The callback function above processes each message generated by the simulator.

Tasks performed by the function:

* Retrieves the latest user message.
* Loads a prompt flow from `application.prompty`.
* Generates a response using the prompt flow.
* Formats the response to adhere to the OpenAI chat protocol.
* Appends the assistant's response to the messages list.

## Run the simulator

You can now initialize the simulator and run it to generate synthetic conversations based on the provided text:

In [None]:
import json
from azure.ai.evaluation.simulator import Simulator

model_config = {
    "azure_endpoint": os.environ.get("AZURE_OPENAI_ENDPOINT"),
    "api_key": os.environ.get("AZURE_OPENAI_API_KEY"),
    "azure_deployment": os.environ.get("AZURE_OPENAI_DEPLOYMENT"),
}

simulator = Simulator(model_config=model_config)
    
outputs = await simulator(
    target=callback,
    text=text,
    num_queries=1,  # Minimal number of queries
)

output_file = "simulation_output.jsonl"
with open(output_file, "w") as file:
    for output in outputs:
        file.write(output.to_eval_qr_json_lines())

You can review the output .jsonl file and see how the simulated conversation developed with each generated query.

## Evaluate simulation for groundedness

Now that you have a dataset, you can evaluate the quality and effectiveness of your generative AI application. In this example, you will use groundedness as your quality metric. 

In [None]:
from azure.ai.evaluation import GroundednessEvaluator, evaluate

groundedness_evaluator = GroundednessEvaluator(model_config=model_config)
eval_output = evaluate(
    data=output_file,
    evaluators={
        "groundedness": groundedness_evaluator
    },
    output_path="groundedness_eval_output.json"
)

If the groundedness metric isn't close to 1.0, you can change the LLM parameters such as `temperature`, `top_p`, `presence_penalty` or `frequency_penalty` in the `application.prompty` file and re-run the notebook cells to generate a new dataset for evaluation.

## Conclusion

In this exercise you created a synthetic dataset simulating a conversation between an user and a chat completion app.

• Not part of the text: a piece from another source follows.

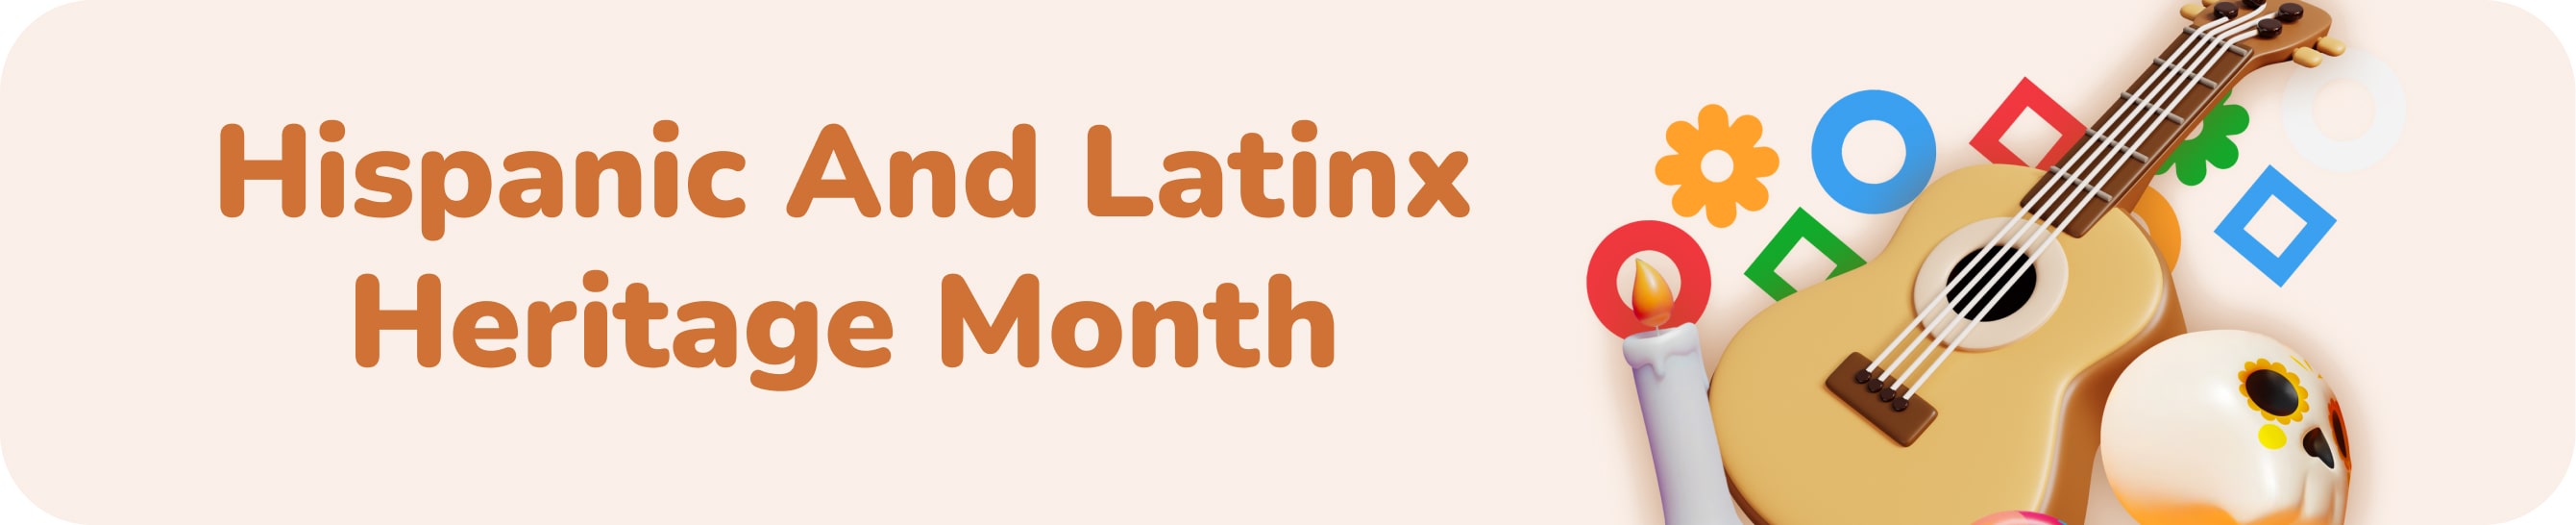 Hispanic and Latinx Heritage Month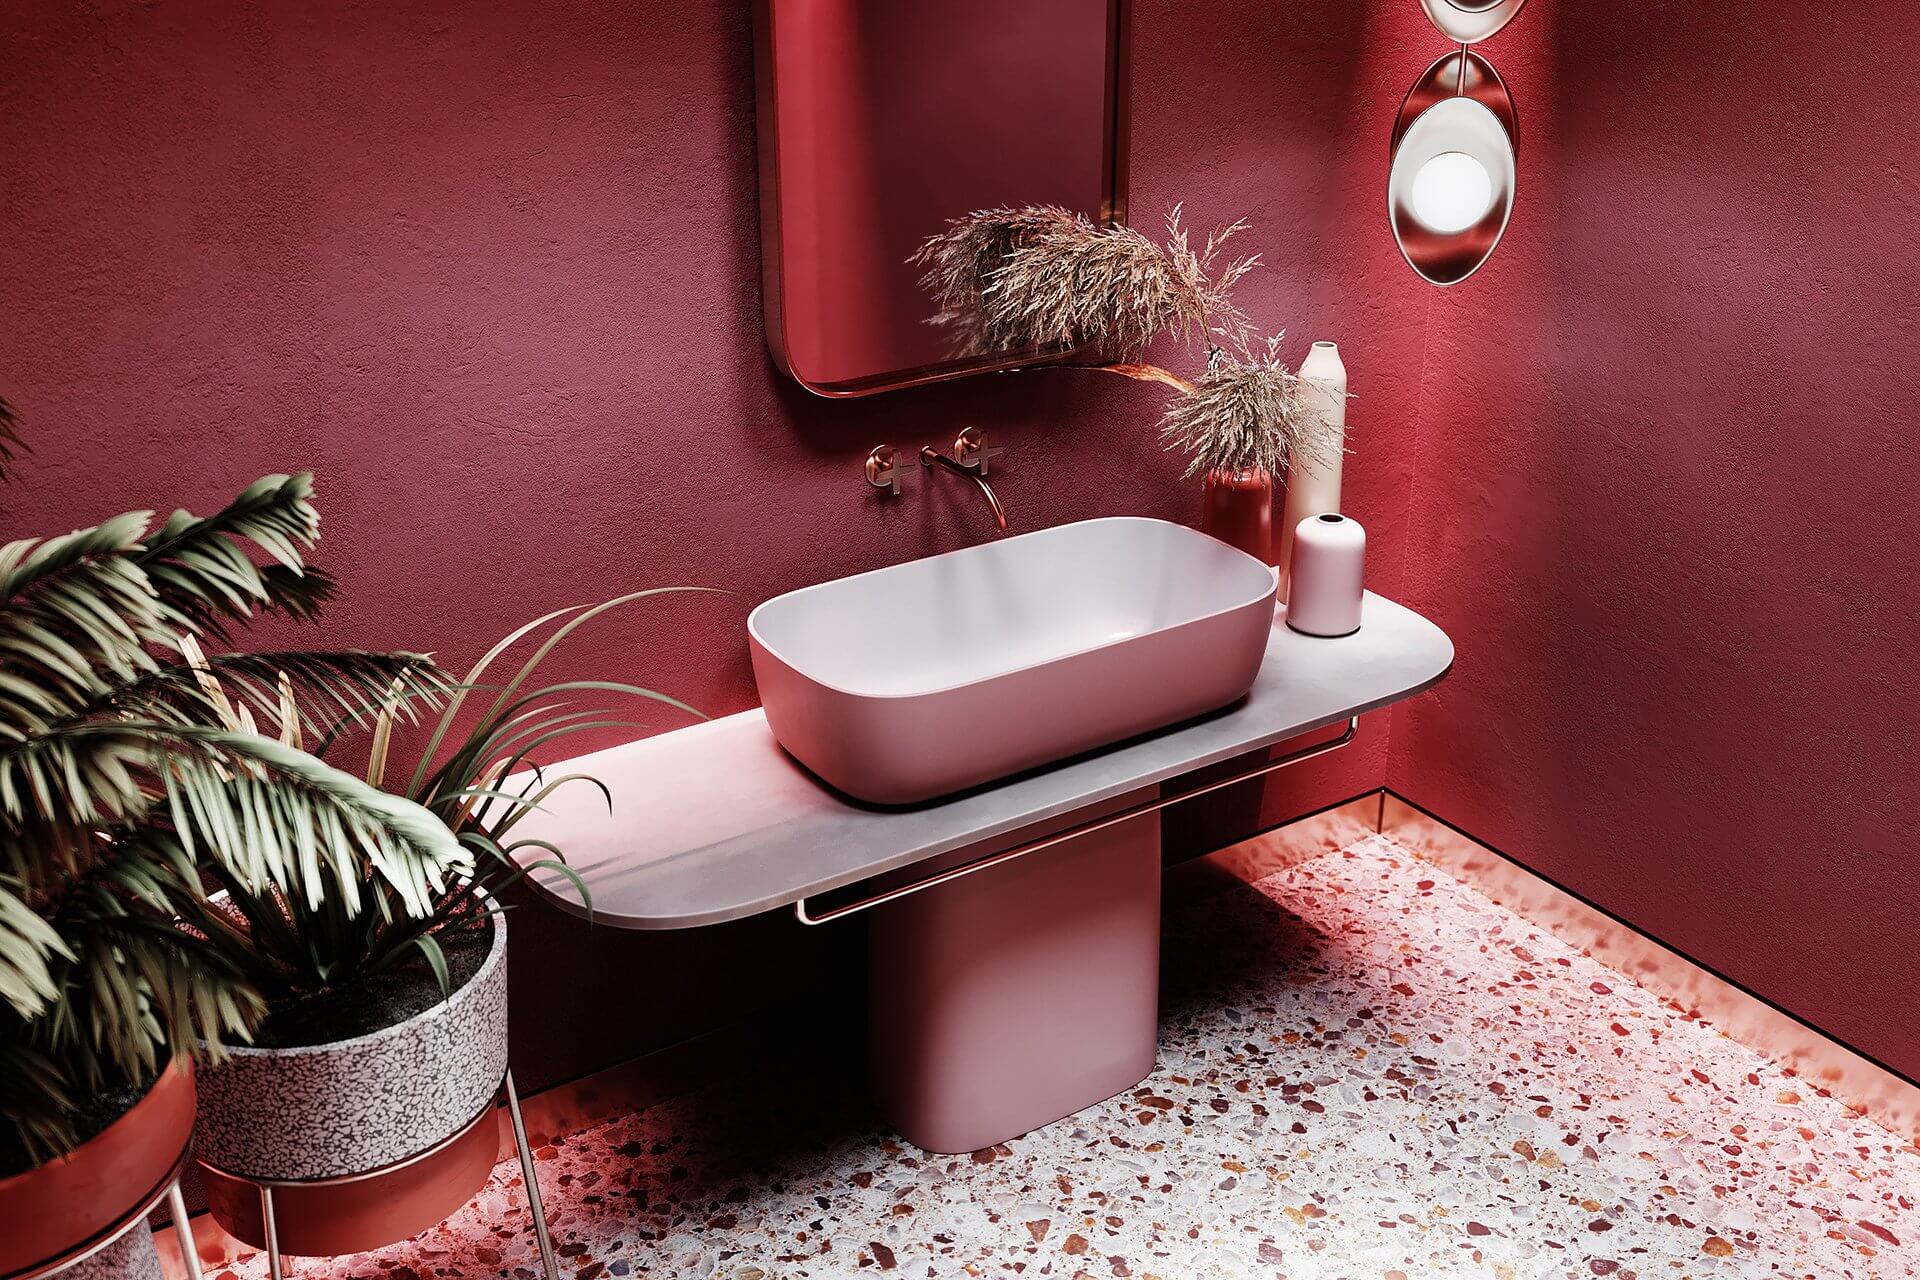 Bathroom design mitte wash basin led red 3 - cgi visualization

By using this dataset, you can evaluate the quality of your app's responses and fine-tune it to achieve the desired results.

## Clean up

If you've finished the exercise, you should delete the resources you have created to avoid incurring unnecessary Azure costs.

1. Return to the browser tab containing the Azure portal (or re-open the [Azure portal](https://portal.azure.com?azure-portal=true) in a new browser tab) and view the contents of the resource group where you deployed the resources used in this exercise.
1. On the toolbar, select **Delete resource group**.
1. Enter the resource group name and confirm that you want to delete it.